2. The Supplier shall ensure that he is aware of all data and circumstances that are relevant for the fulfilment of his contractual duties and that he is also familiar well in advance with our intended use of his deliveries. He shall guarantee that his deliveries include all services necessary for correct, safe and efficient use, that they are suitable for the intended use and that they conform to state-of-the-art scientific and technological standards.
3. The Supplier shall keep us informed concerning all official approvals and notification requirements necessary for the import and use of the delivery items.
4. The Supplier shall continually monitor the quality of his deliveries and services. Modifications to the delivery item require our prior consent. The Supplier shall document in writing when, in what manner and by whom delivery free of defects was ensured for all products delivered to us. These records shall be retained for at least 10 years and handed over to us on demand. Upstream Suppliers should be governed by corresponding obligations.

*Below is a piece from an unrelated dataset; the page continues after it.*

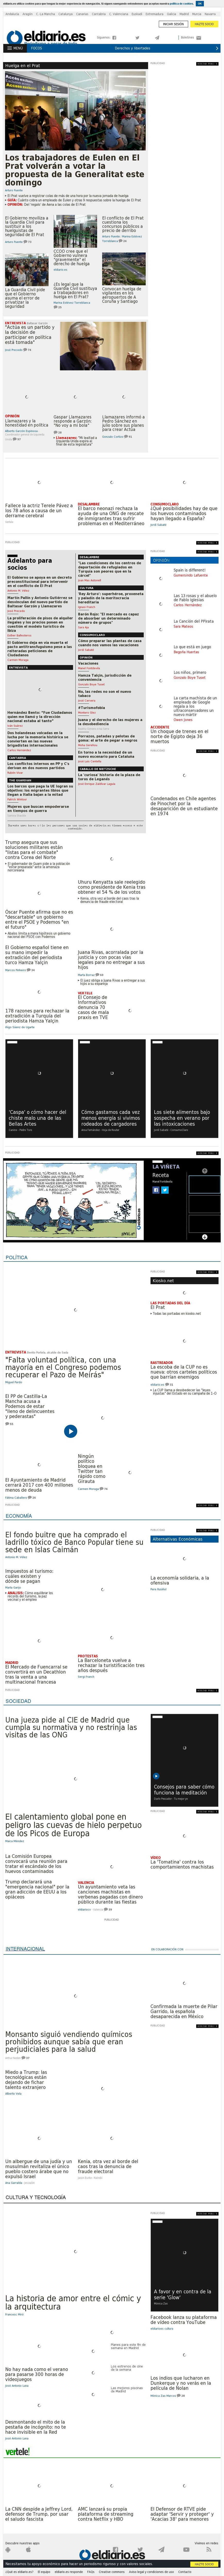 El Diario at Saturday Aug. 12, 2017, 1:04 a.m. UTC
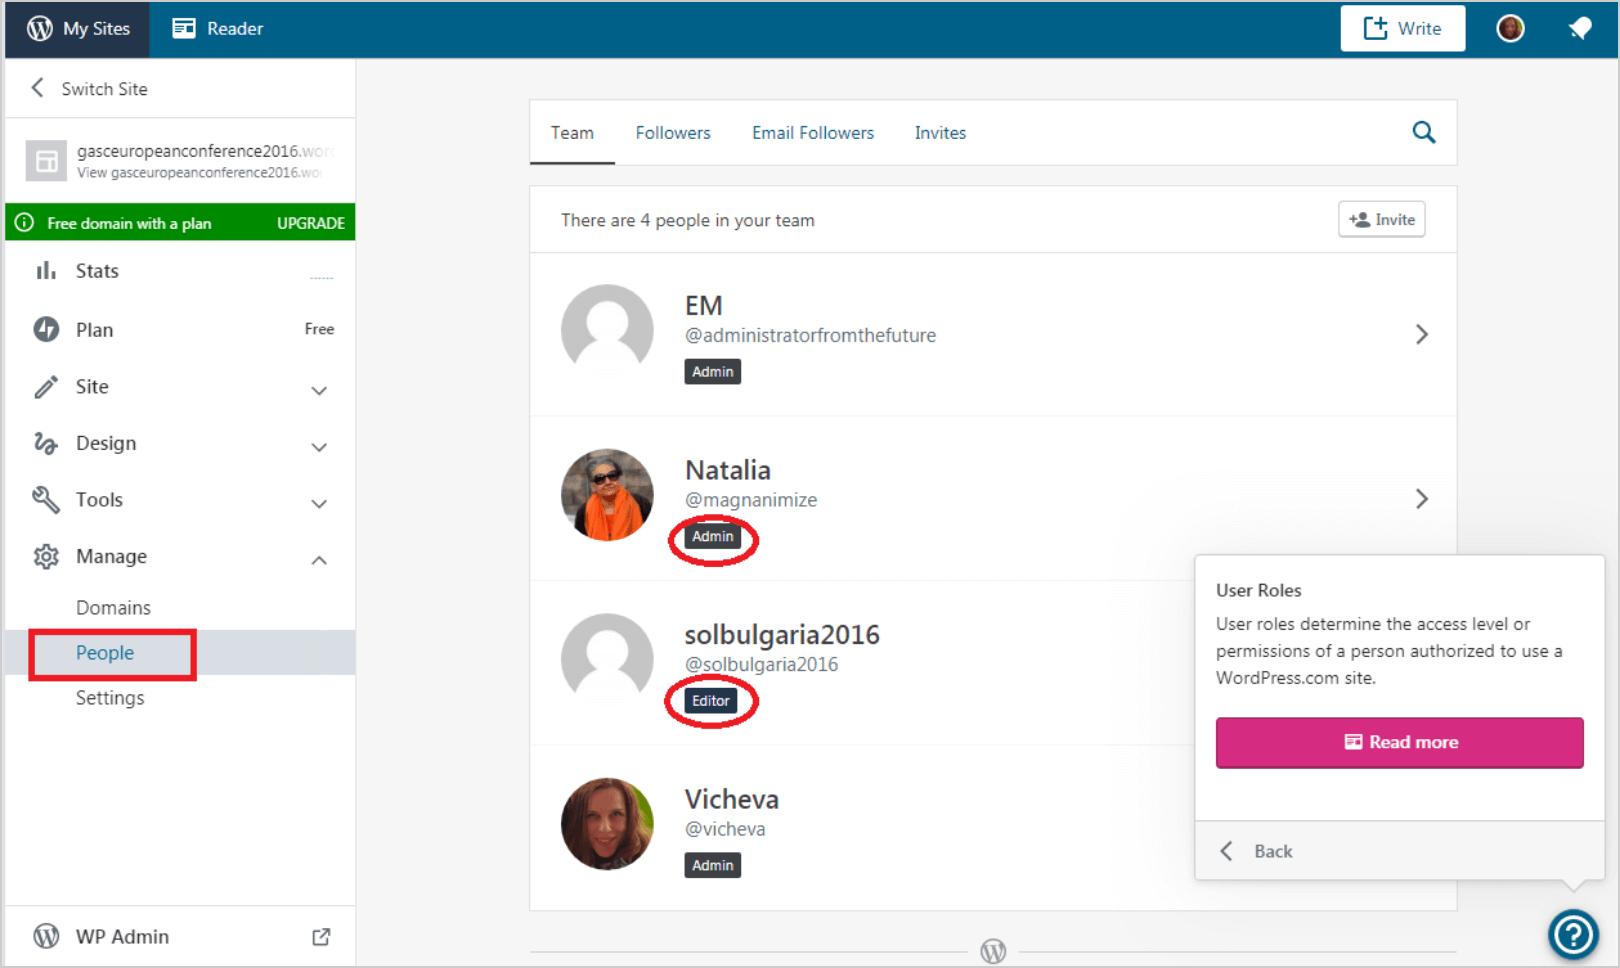 Managing user roles on WordPress.com admin

XI. Intellectual Property Rights
1. All samples, models, tools, drawings, specifications and other documents furnished by the Company and the Company’s consultants or which the Supplier obtains for us with our financial resources, and copies thereof furnished to the Supplier are and shall remain our property. They are for use solely with respect to the Purchase Order. Such drawings, specifications and other documents are to be returned to the Company at the completion of the PO or earlier termination of the PO/ agreement.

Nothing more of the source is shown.